SWE is a green extraction process proven to be a very efficient technique for obtaining highly bioactive fractions. These fractions are considered safe regarding a total of 51 contaminants (21 pesticides and 30 pharmaceuticals) screened, and their iodine content is safe for consumption, except fraction 1 of Eisenia bicyclis (Kjellman) Setchell, that should be used with caution.

In this study on Himanthalia elongata (L.) S.F.Gray and E. bicyclis, the samples’ antioxidant capacity, the total phenolic content, and the Maillard reaction products depended on the extraction temperature. Furthermore, they varied among the fractions extracted, with the third and fourth fractions showing the most promising results.

Overall, even though no significant ChE inhibition was detected (below 50%), fractions 3 and 4 were the ones with the highest biological activities, namely DPPH•, ABTS•+, •NO, and O2•− scavenging activity, which can be tentatively explained due to the presence of Maillard reaction products.
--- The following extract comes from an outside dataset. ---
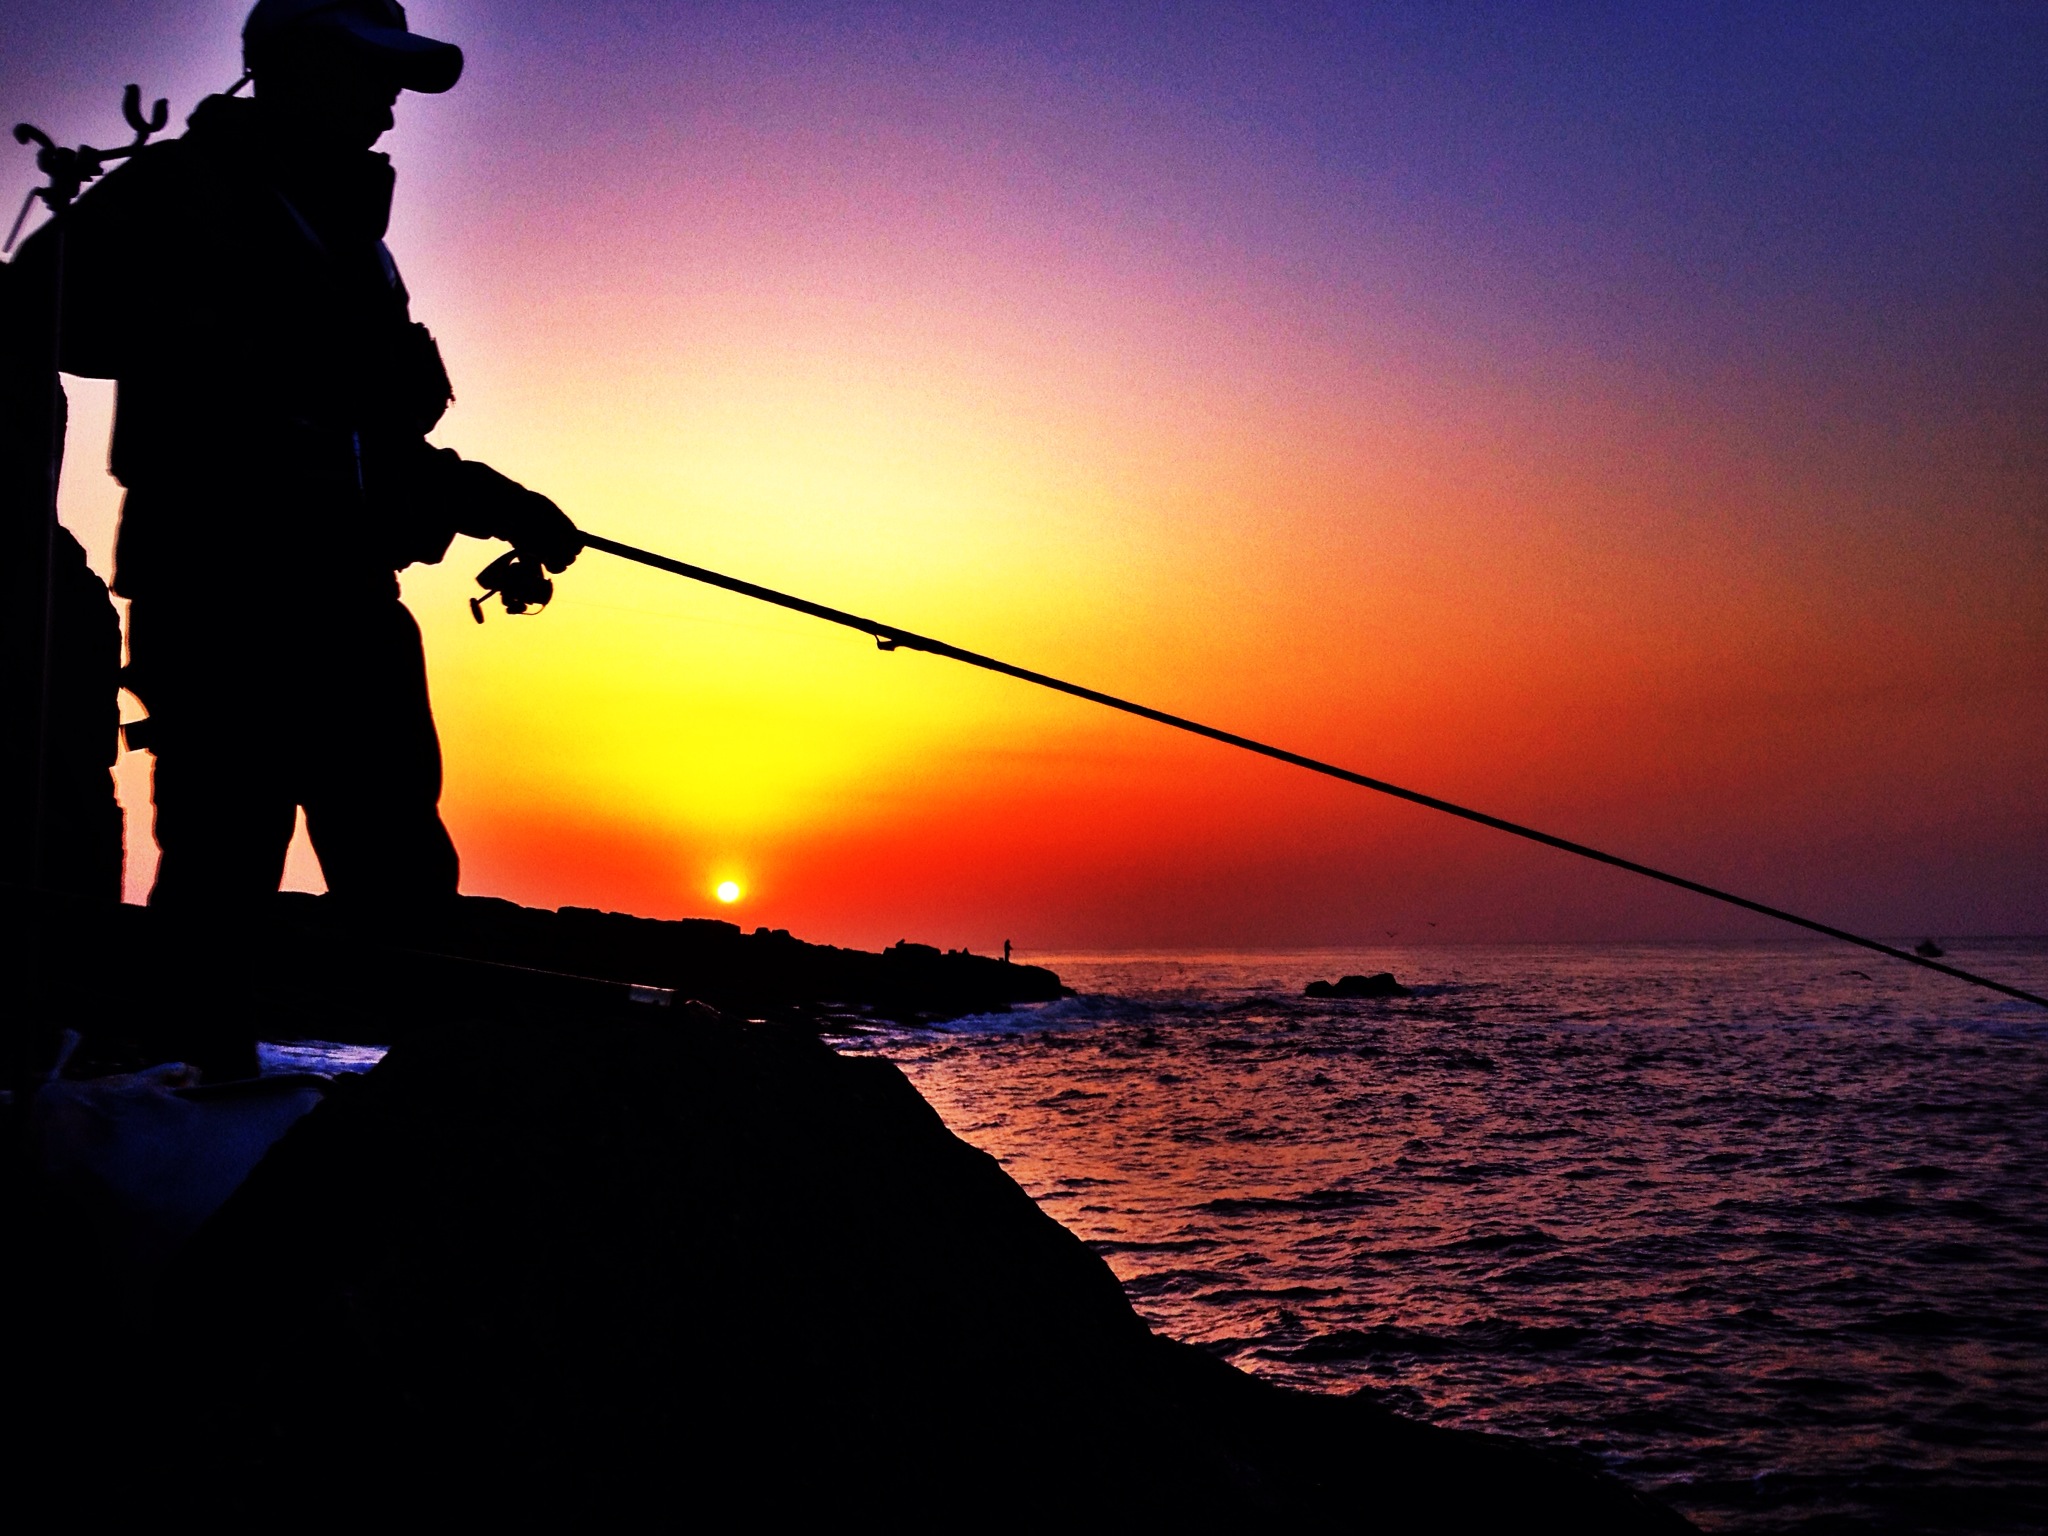 熊本で釣りをするなら おすすめの釣り場情報 釣り船や釣り堀も Travelnote トラベルノート
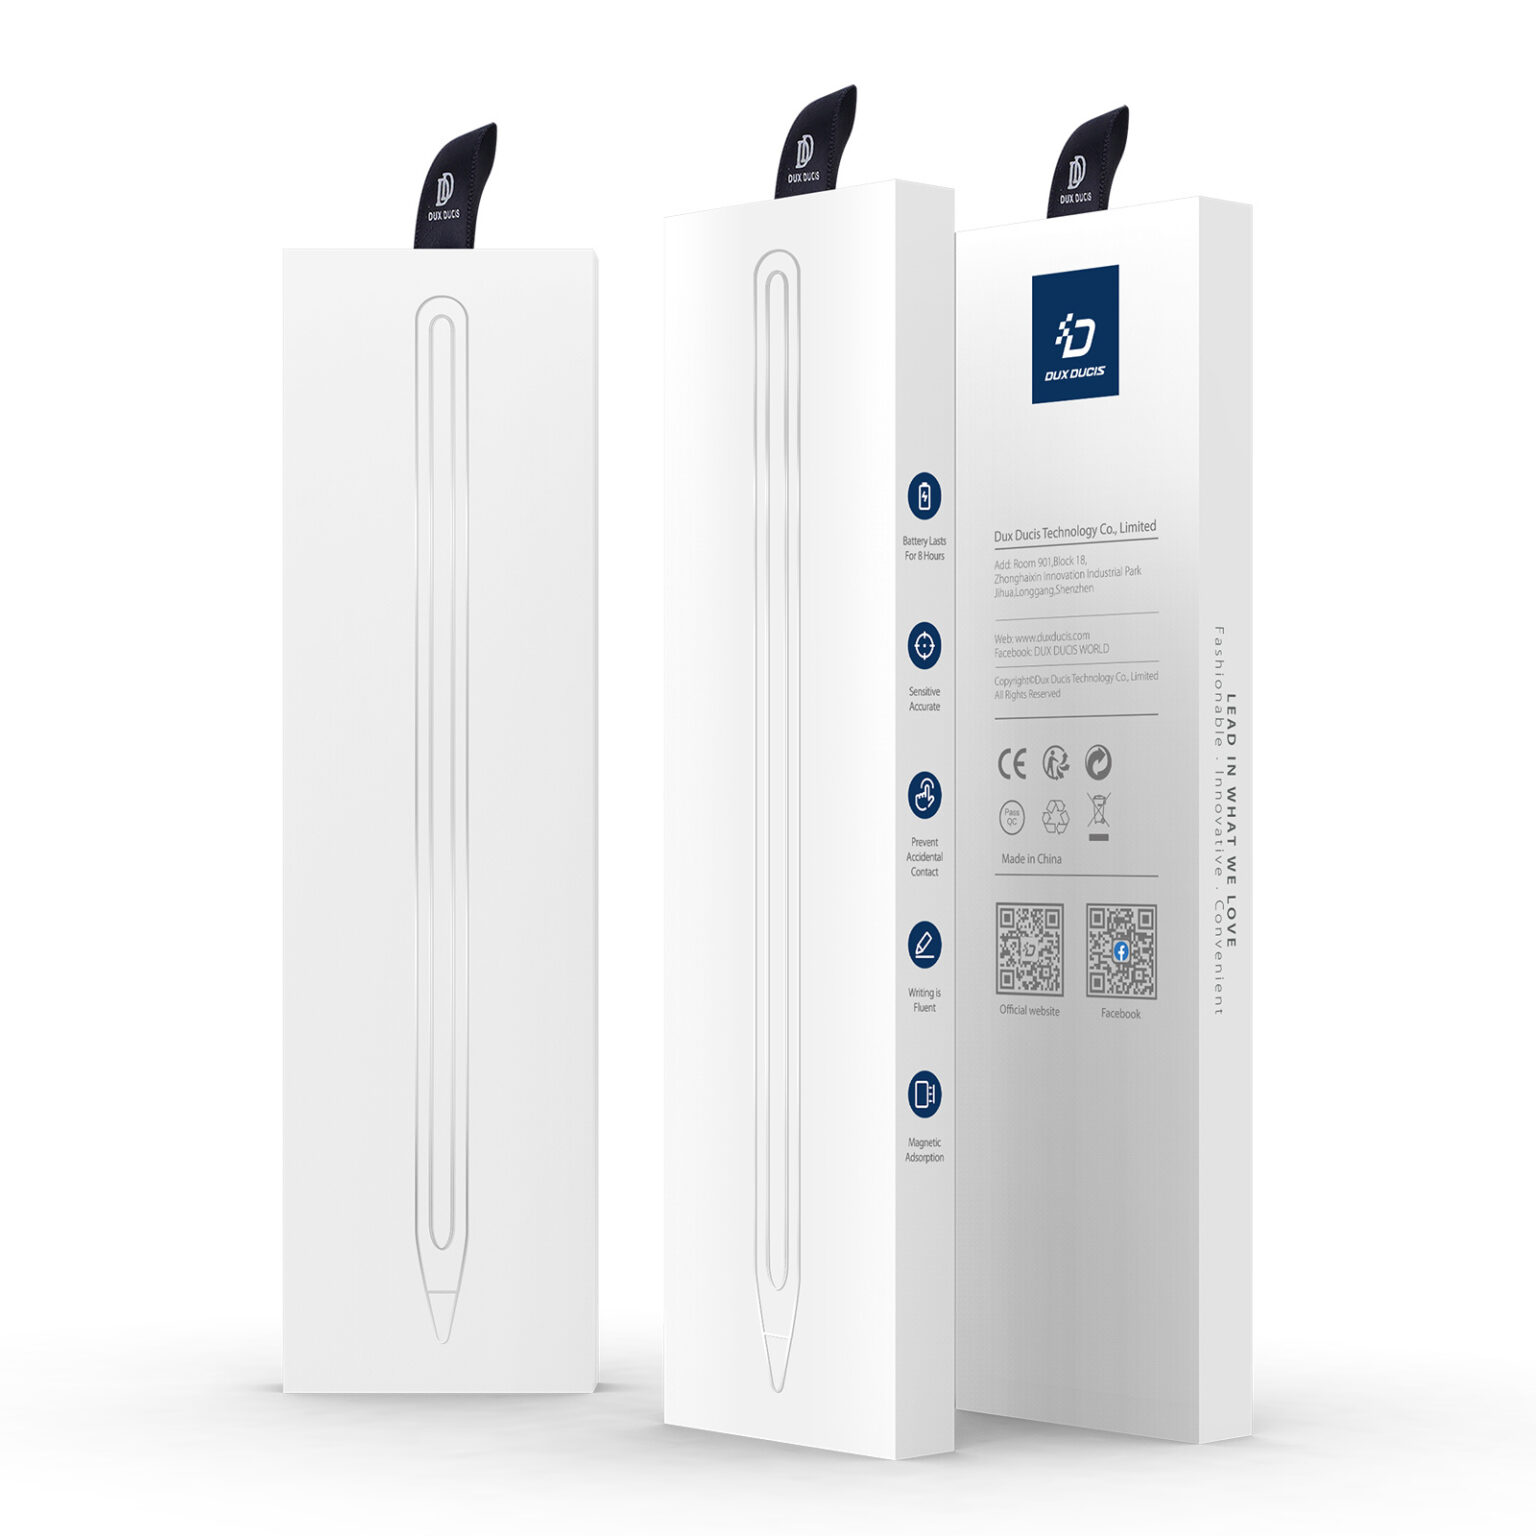 Bút cảm ứng Dux Dicis SP-02 Stylus Pen dành cho iPad Pro/ Ipad Air/ Ipad Mini/ Ipad Gen 6,7,8,9,10 - Hàng chính hãng

Future research should focus on ascertaining H. elongata’s and E. bicyclis’ ability to inhibit other brain enzymes associated with neurodegenerative etiology, such as tyrosinase and monoamine oxidase A and B.

Lastly, HPLC analysis could provide important insight into the composition of H. elongata and E. bicyclis fractions and the specific compounds responsible for their high antioxidant capacity.